In the winter months, Europe is especially vulnerable to the dangers of an intensified energy crunch. Under the continent’s ongoing energy crisis, gas prices hit record highs and disrupted already strained supply chains. If Moscow further chokes Europe’s supply, the impacts could be even more pronounced. 

“The continent’s kind of at the mercy of the weather at this point,” said Samantha Gross, a fellow at the Brookings Institution. “If they have a nasty winter, this could get very rough, very fast.”

Industry analysts are still watching diplomatic maneuvers, such as Biden’s meeting with the Qatari emir, to see if the United States can at least scrape together some extra gas supplies to help temporarily alleviate, if not erase, the pain of a cutoff from Russian gas.

“The question is, can they provide assistance in terms of cargoes that might be found for Europe, which may not be needed in Asia because of a warmer winter there, can those cargoes be freed up?” said Croft of RBC Capital Markets. “But we’re talking about mitigation, not backstopping.”

Other experts also hope the current crisis will prompt European policymakers to rethink yet again how to secure their energy supplies in the future.
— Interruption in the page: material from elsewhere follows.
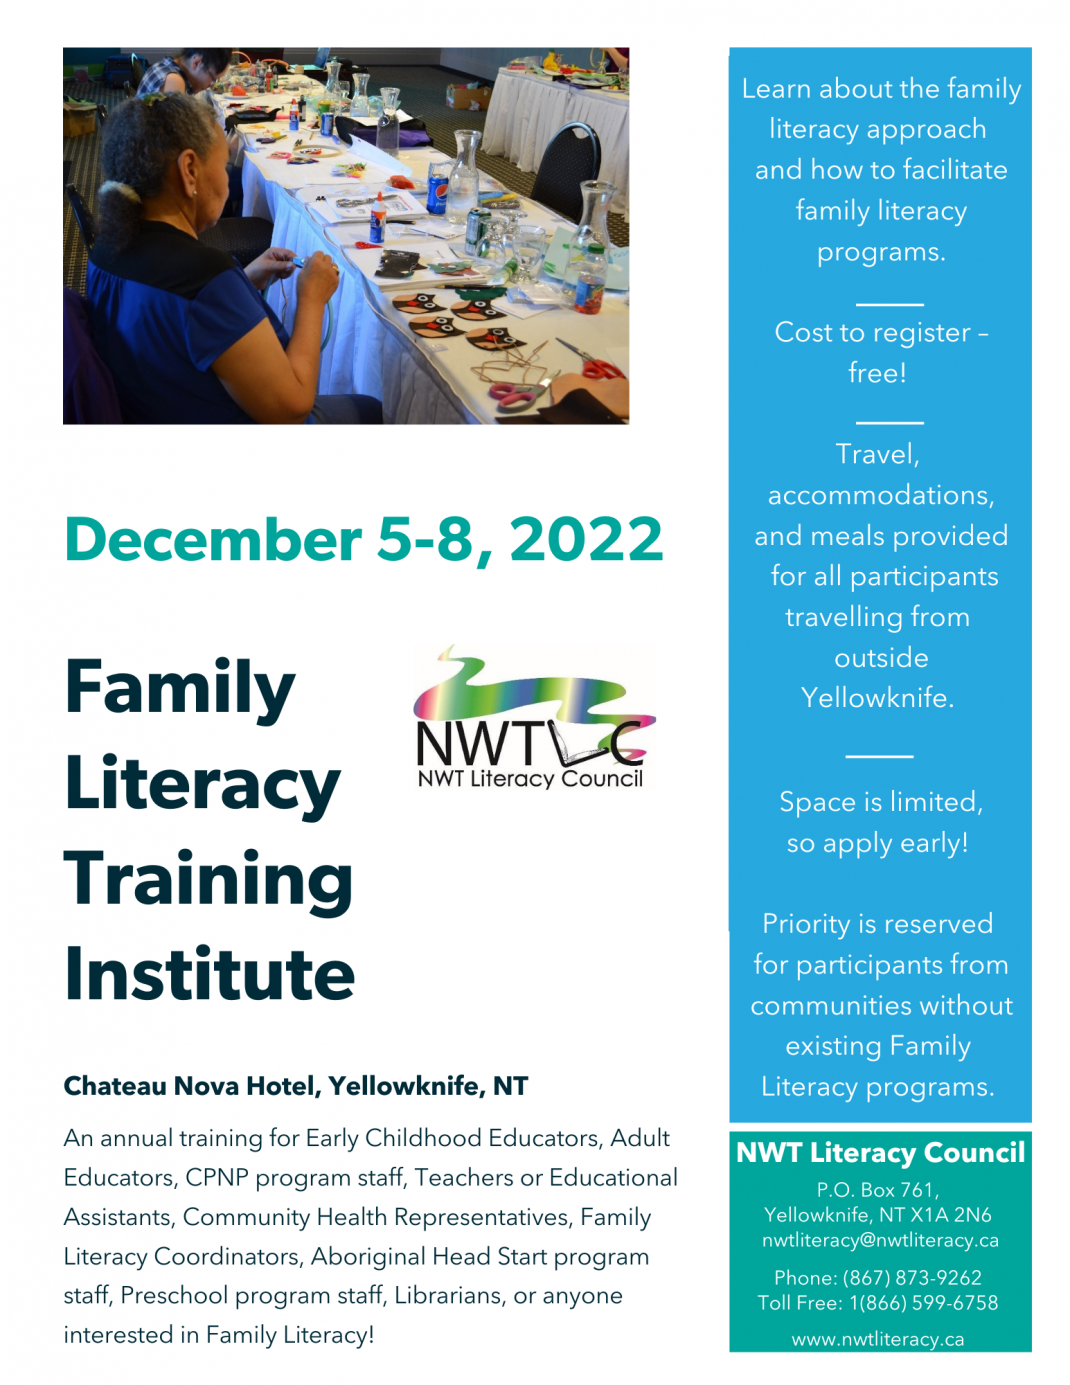 Family Literacy Training Institute - Chateau Nova Hotel, Yellowknife - December 5-8, 2022

After previous energy showdowns with Russia, Europe overhauled its gas markets and began a search for alternate suppliers, including the United States, but has not managed to pare back its energy dependence on Moscow.

“The only thing we can do that’s really relevant and useful is to use this tough learning experience to rethink how you organize energy security in the long run,” McNally said. “I know that’s not a lot of help for the freezing cold Belgian consumer in the coming weeks, but the brutal reality is there’s not a lot you can do for those folks beyond pray for warmer weather. What you can do is rethink your longer-term energy security strategy.”